[Task goal] Omit all pictures, then retype exactly the lines from the one that contains "clipart throwing away money - photo #14" through the end of the listing.

[Supplied information]

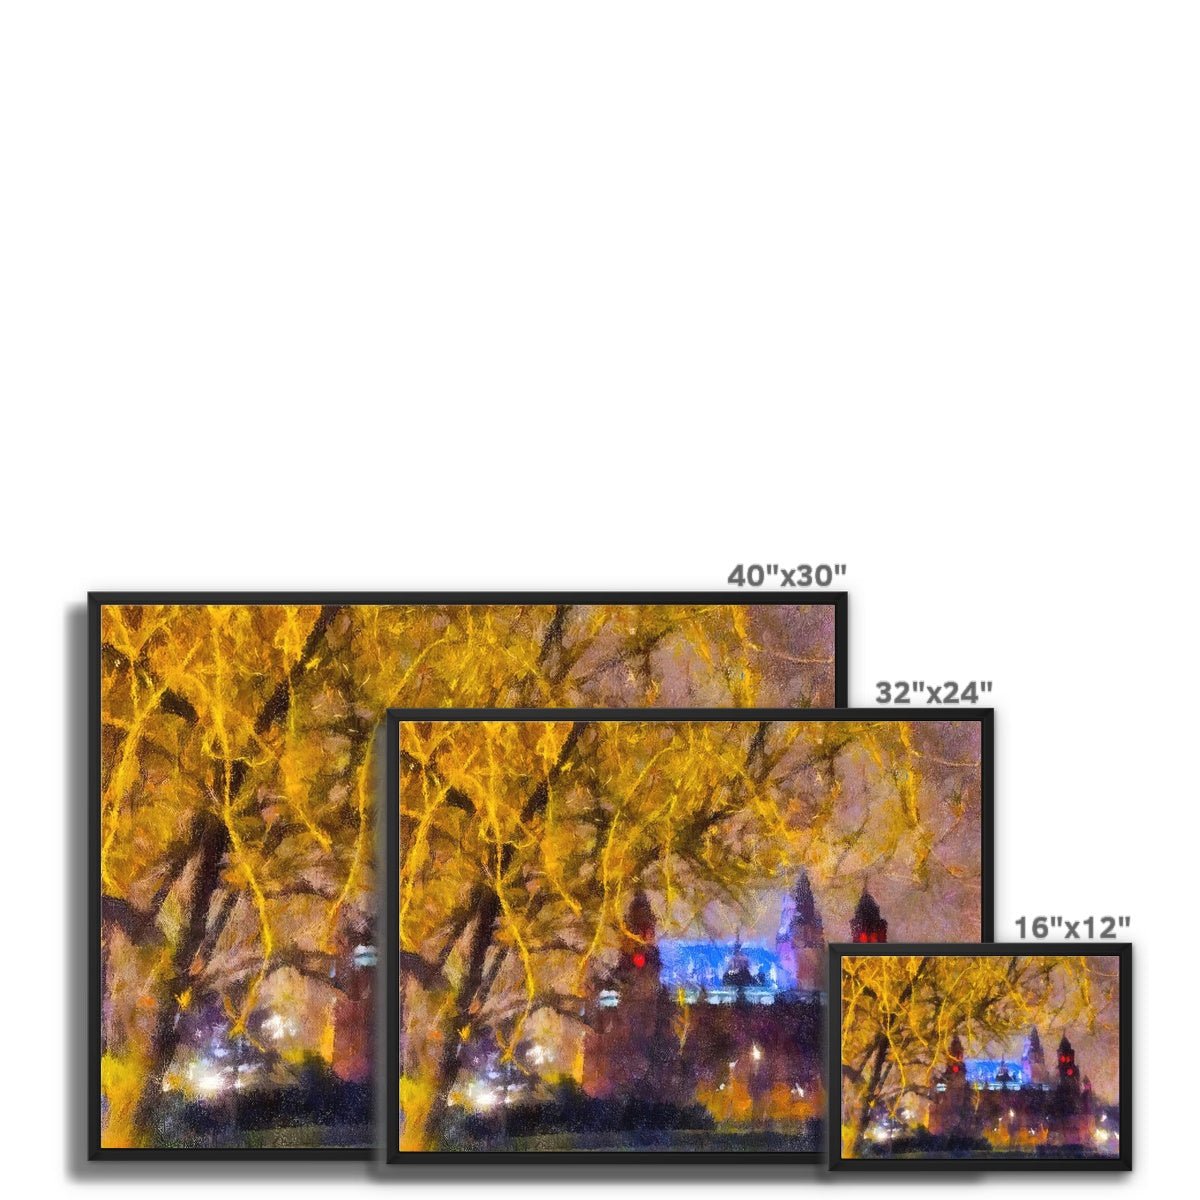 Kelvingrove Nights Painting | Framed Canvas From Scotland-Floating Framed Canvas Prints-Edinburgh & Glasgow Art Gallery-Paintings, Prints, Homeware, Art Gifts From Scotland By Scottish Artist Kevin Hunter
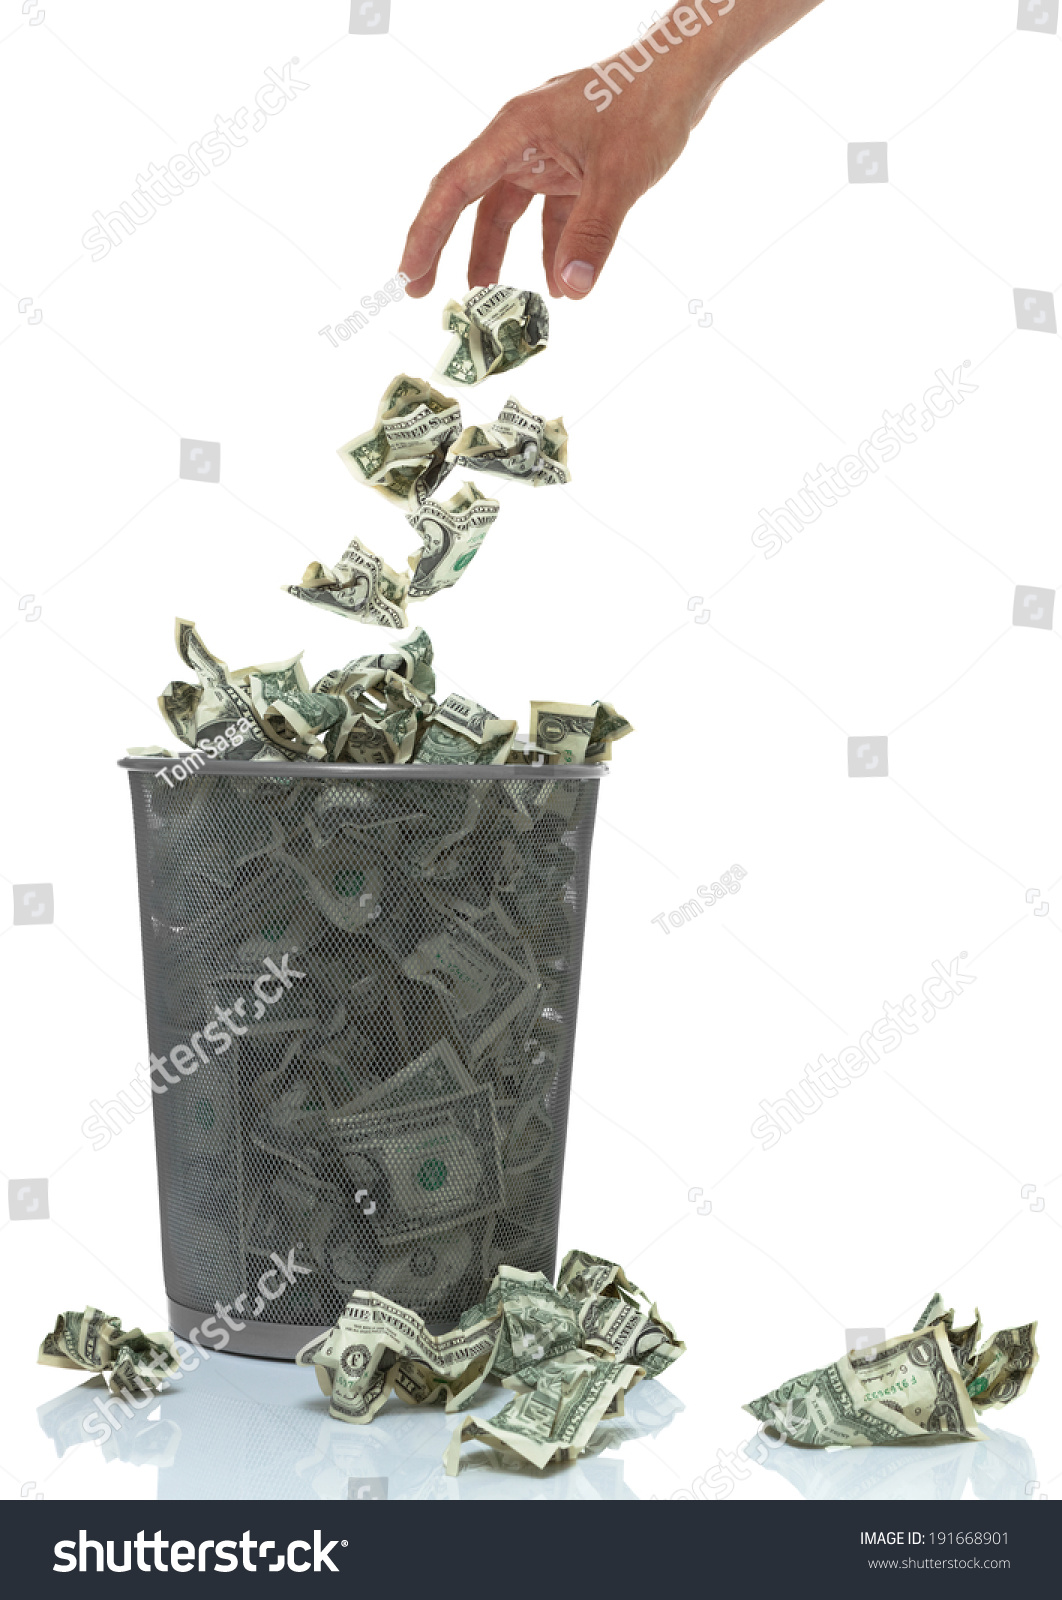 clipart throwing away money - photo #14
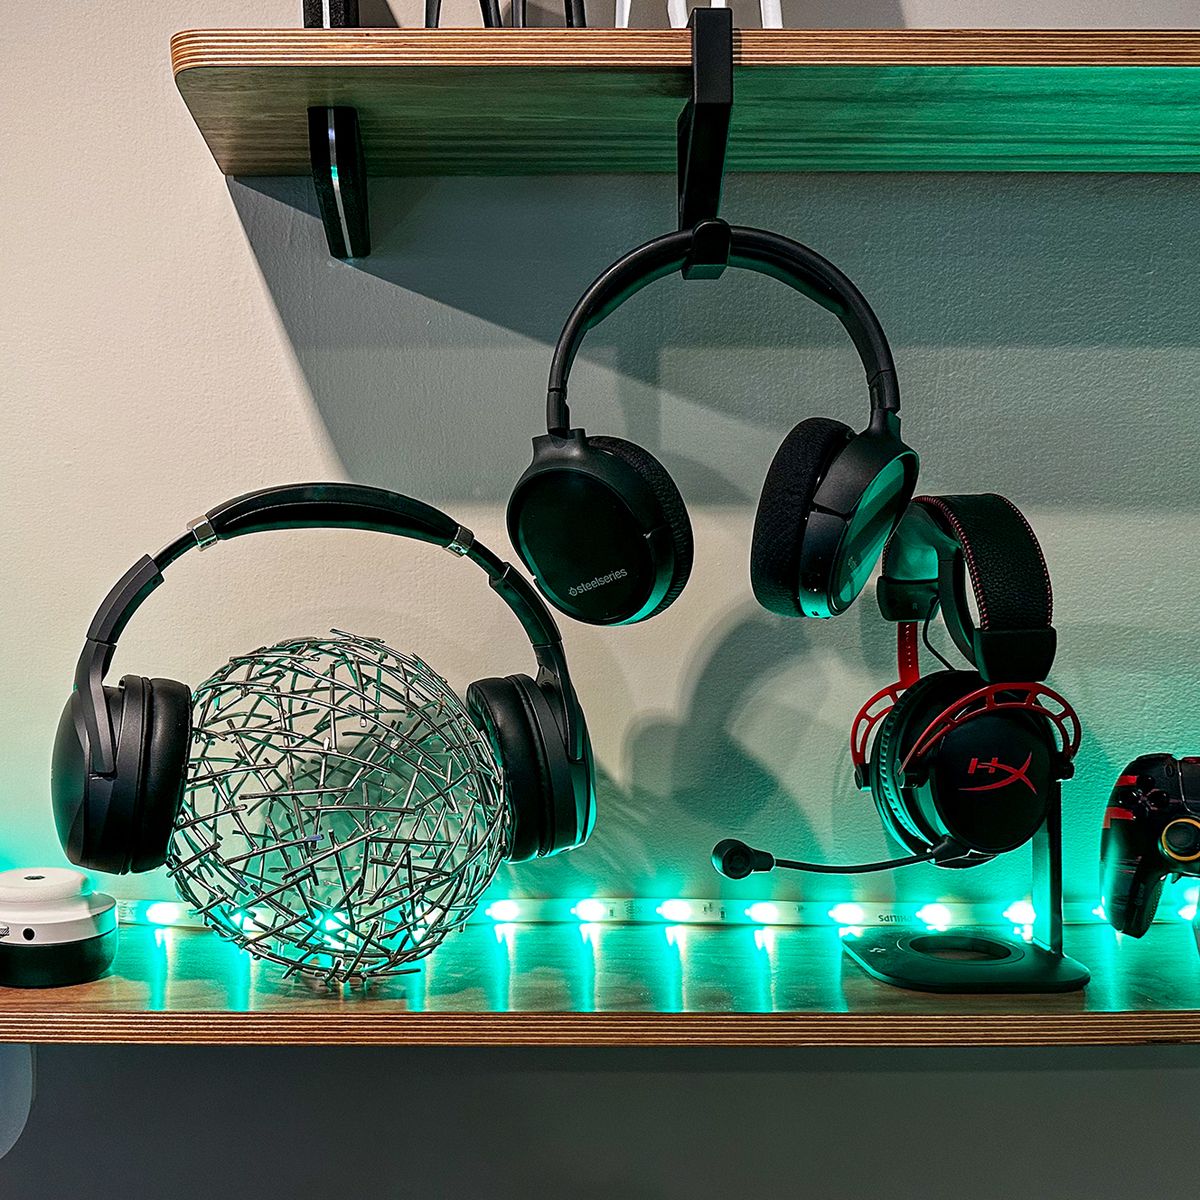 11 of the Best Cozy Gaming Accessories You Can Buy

[Written solution]
 clipart throwing away money - photo #14
 11 of the Best Cozy Gaming Accessories You Can Buy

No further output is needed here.